MTX Audio
- Company type: Consumer and prosumer manufacturer
- Industry: Audio
- Founded: 1979
- Founder: Loyd Ivey
- Headquarters: Phoenix, AZ
- Key people: John Ivey chairman and CEO
- Products: Audio electronics
- Number of employees: 1200+
- Website: MTX.com

= MTX Audio =

American consumer audio company

MTX Audio is an American consumer audio company headquartered in Phoenix, Arizona that manufactures sound equipment for applications including car audio, home audio, marine audio and live sound products. They are best known for their car audio products and they specialize in subwoofers and subwoofer amplifiers.

MTX Audio is a brand name owned by the Mitek Corporation.

==History==
MTX audio was called Matrecs in 1979. The MTX name came in when Loyd Ivey, then owner of his own company American Acoustic Labs, bought out the Matrecs name in 1979 and changed it to MTX under Ivey’s parent company Mitek. In 1991, MTX Audio acquired Soundcraftsmen, a defunct audio equipment manufacturer which was located in Santa Ana, California, and was called MTX Soundcraftsmen until 1999.
In 1984 MTX created the first mobile audio enclosure.

==Today==
John Ivey is chairman and CEO of MiTek and therefore MTX, which employs over 750 people. MiTek has 12 other companies including MTX, with plants in Ennis, Texas, Louisville, Kentucky, Monroe, Wisconsin, West Dundee, Illinois, Winslow, Illinois, and in Phoenix, Arizona.

List of global brand names and what countries MiTek has their products/facilities in.
- MTX- USA, Europe, Germany, Australia, New Zealand
- COUSTIC- USA, Europe
- Xtant- USA, Europe
- StreetWires- USA, Europe, Australia, New Zealand
- Mitek- USA, Europe
- Atlas IED- USA, Europe

==Parent company==
John Ivey Is the president and CEO of his company MiTek corp which he founded in the mid-1980s after acquiring Matrecs and the American Case Company.
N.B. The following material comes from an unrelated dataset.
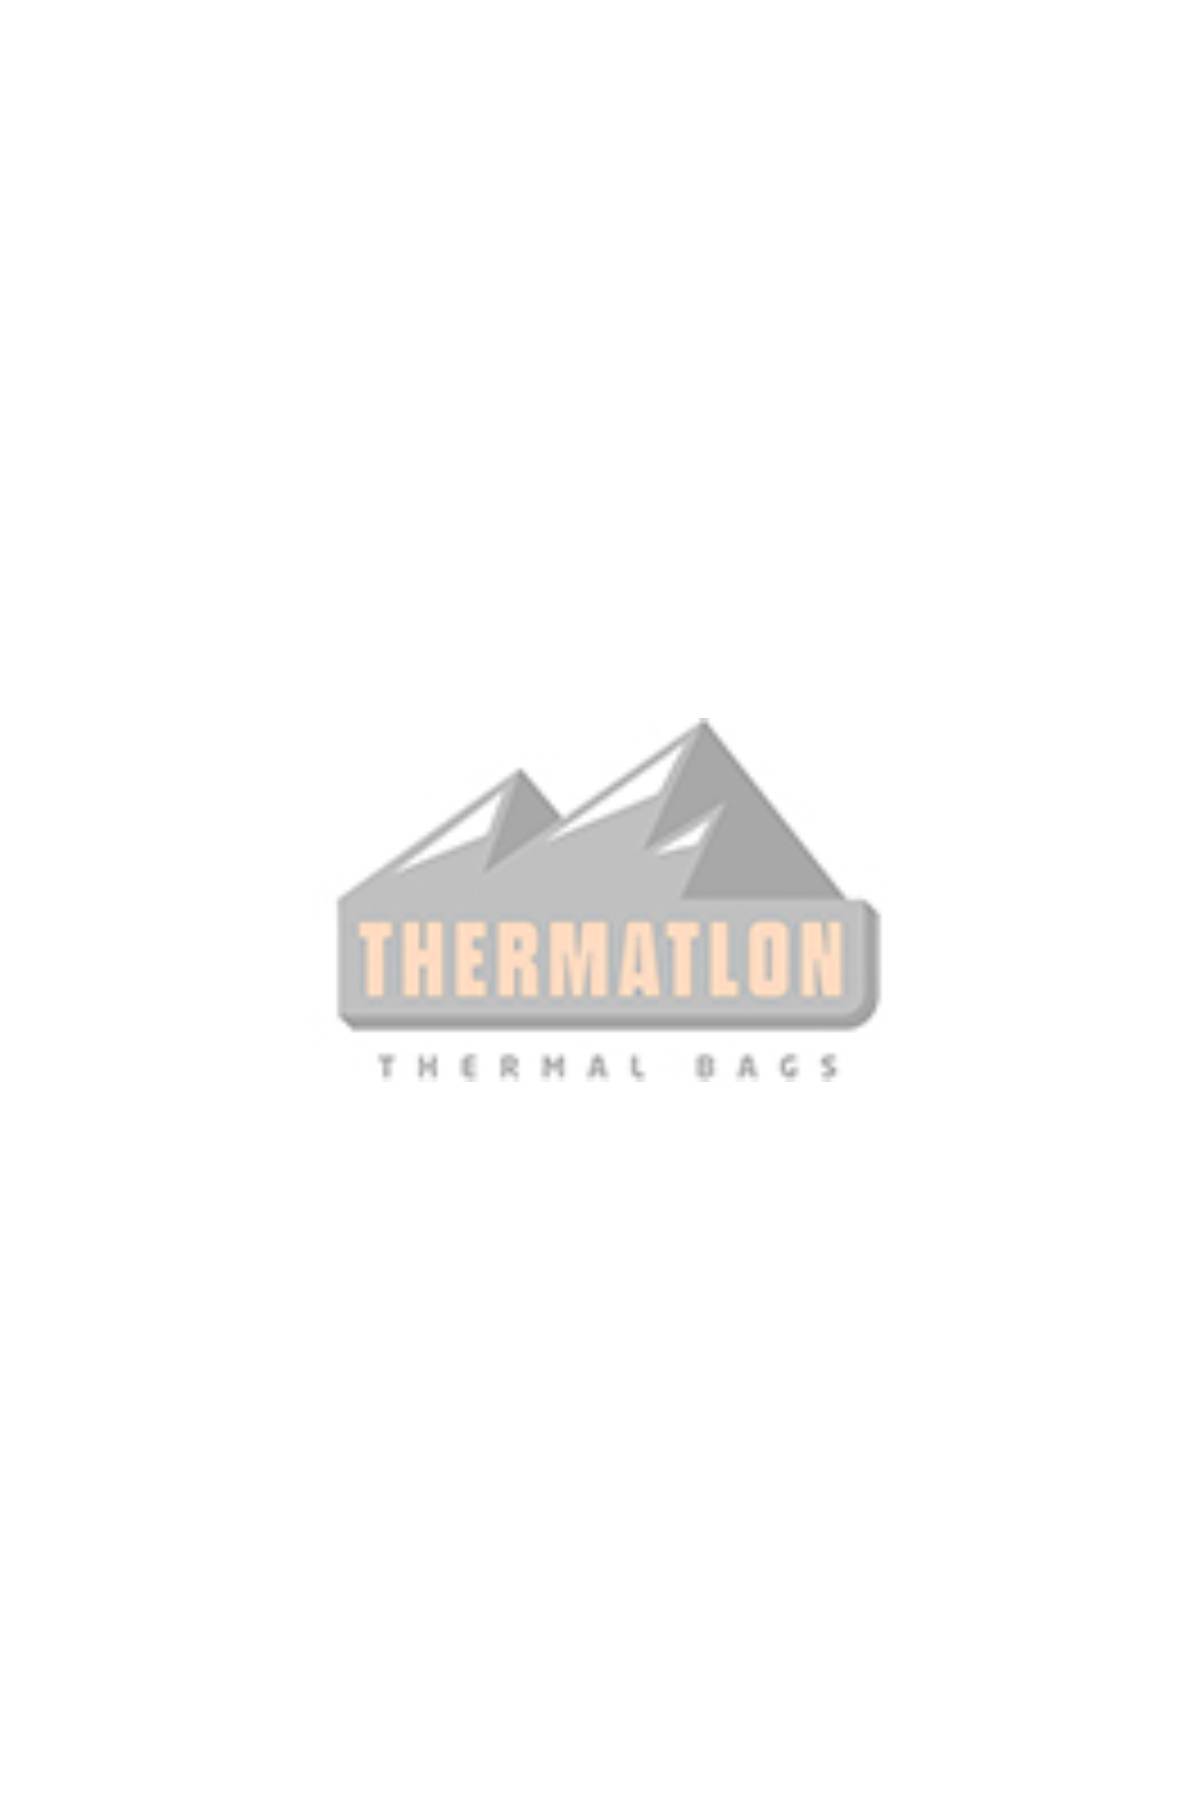 THERMATLON INSULIN COOLER BAG

MiTek is the parent company of 13 other companies, including MTX, with manufacturing plants in seven American states and three countries around the world.

==Products==
MTX makes car audio, marine audio, ATV-UTV Audio, home audio, and portable audio products. The MTX Jackhammer 24 is a 24-inch square subwoofer and one of the largest available on the consumer market.